(MATERIAL FOR THIS EXERCISE)
##########

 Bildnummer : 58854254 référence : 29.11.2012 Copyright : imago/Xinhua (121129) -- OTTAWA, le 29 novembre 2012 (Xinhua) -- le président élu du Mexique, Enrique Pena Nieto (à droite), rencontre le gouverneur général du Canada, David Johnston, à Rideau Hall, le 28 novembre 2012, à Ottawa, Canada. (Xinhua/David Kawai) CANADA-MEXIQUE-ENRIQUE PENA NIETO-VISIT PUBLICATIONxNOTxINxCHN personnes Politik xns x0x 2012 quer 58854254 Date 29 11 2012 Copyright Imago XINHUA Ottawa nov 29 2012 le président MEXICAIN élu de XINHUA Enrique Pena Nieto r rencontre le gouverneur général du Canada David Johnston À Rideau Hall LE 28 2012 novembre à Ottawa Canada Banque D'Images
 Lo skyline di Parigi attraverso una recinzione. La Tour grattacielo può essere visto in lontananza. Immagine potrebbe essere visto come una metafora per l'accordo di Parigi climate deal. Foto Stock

##########

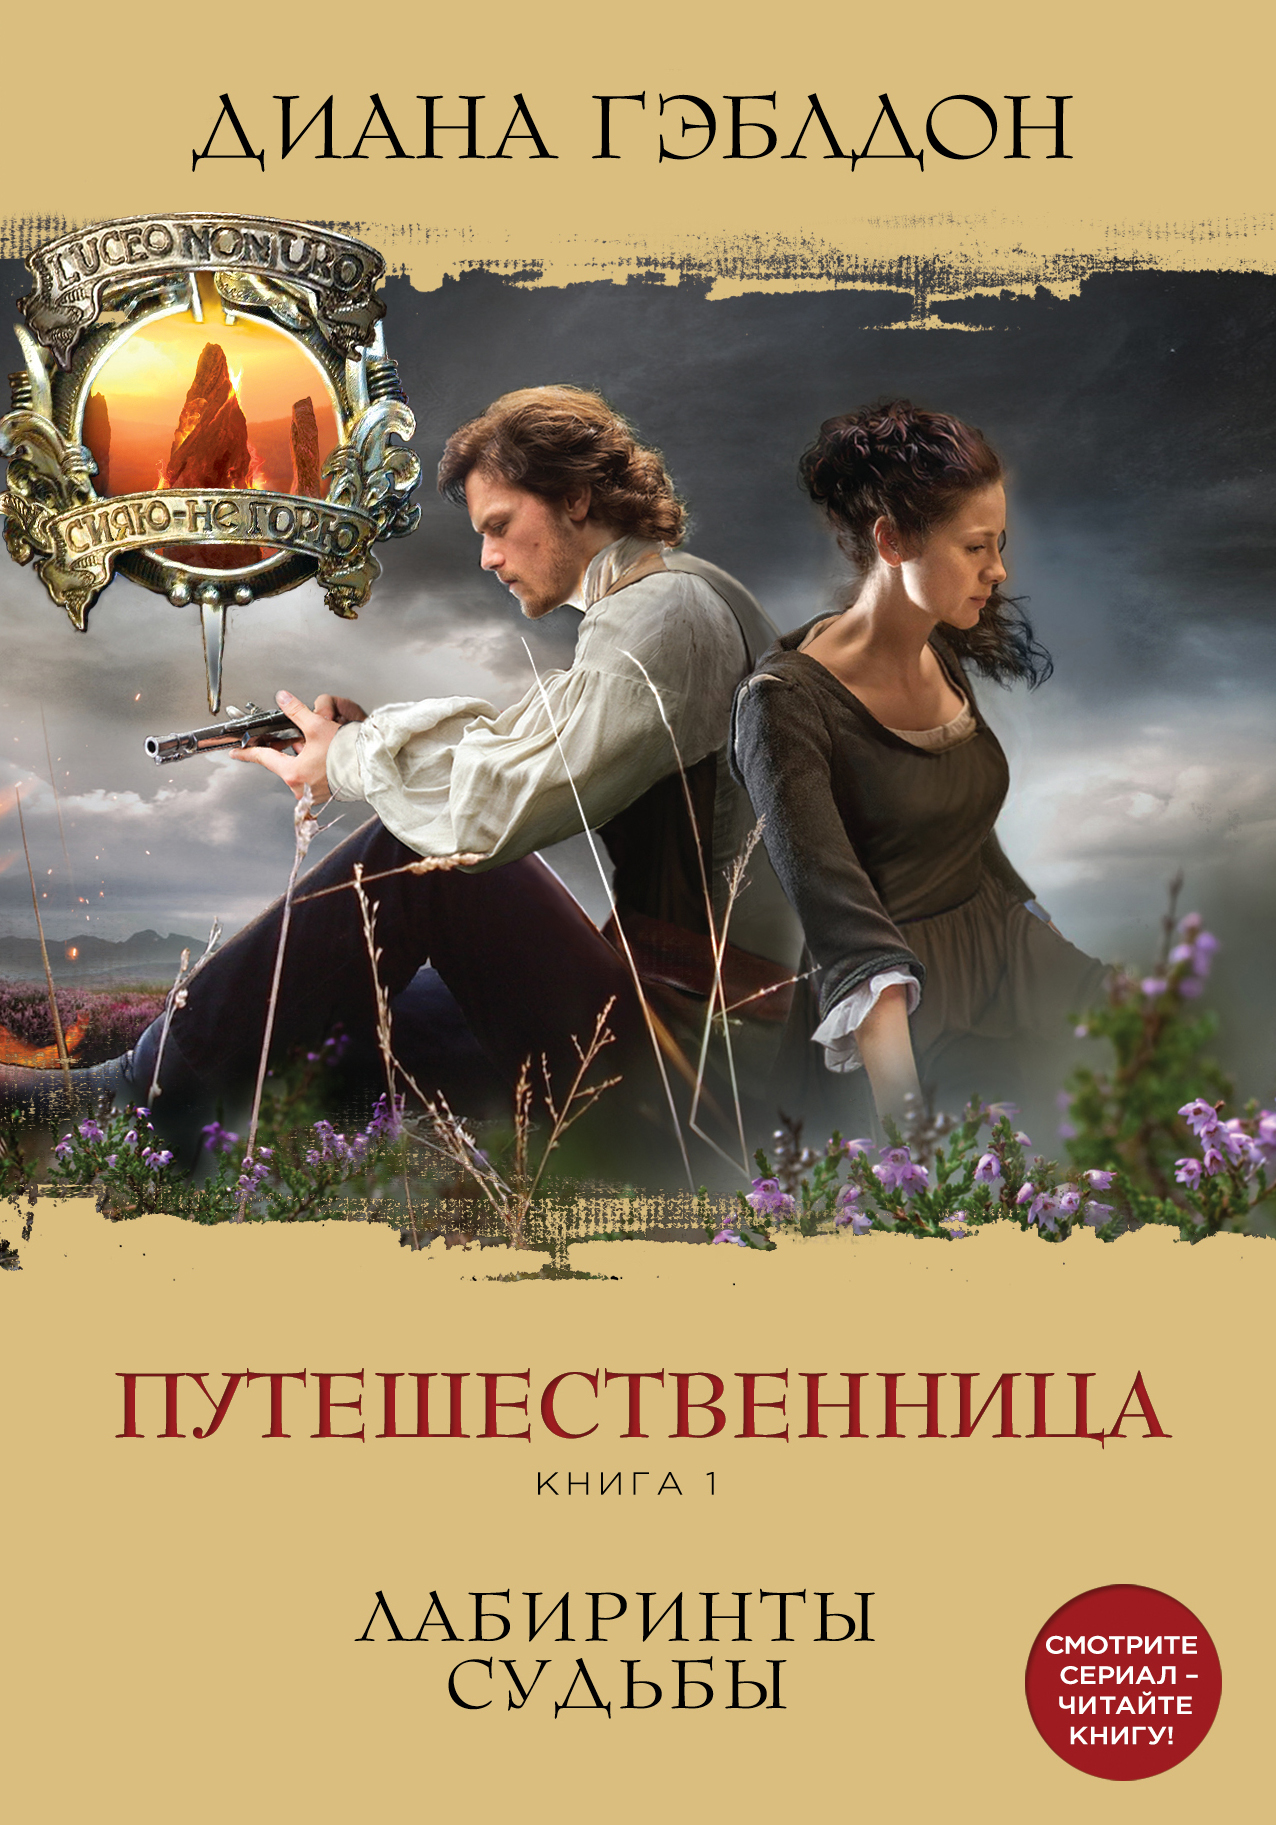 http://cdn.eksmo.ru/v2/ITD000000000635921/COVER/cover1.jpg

##########

Only the lines above from the line with "Bildnummer : 58854254" to the line with "Lo skyline di", those two lines included, should be reproduced exactly.

(ANSWER TO THE PROBLEM)
 Bildnummer : 58854254 référence : 29.11.2012 Copyright : imago/Xinhua (121129) -- OTTAWA, le 29 novembre 2012 (Xinhua) -- le président élu du Mexique, Enrique Pena Nieto (à droite), rencontre le gouverneur général du Canada, David Johnston, à Rideau Hall, le 28 novembre 2012, à Ottawa, Canada. (Xinhua/David Kawai) CANADA-MEXIQUE-ENRIQUE PENA NIETO-VISIT PUBLICATIONxNOTxINxCHN personnes Politik xns x0x 2012 quer 58854254 Date 29 11 2012 Copyright Imago XINHUA Ottawa nov 29 2012 le président MEXICAIN élu de XINHUA Enrique Pena Nieto r rencontre le gouverneur général du Canada David Johnston À Rideau Hall LE 28 2012 novembre à Ottawa Canada Banque D'Images
 Lo skyline di Parigi attraverso una recinzione. La Tour grattacielo può essere visto in lontananza. Immagine potrebbe essere visto come una metafora per l'accordo di Parigi climate deal. Foto Stock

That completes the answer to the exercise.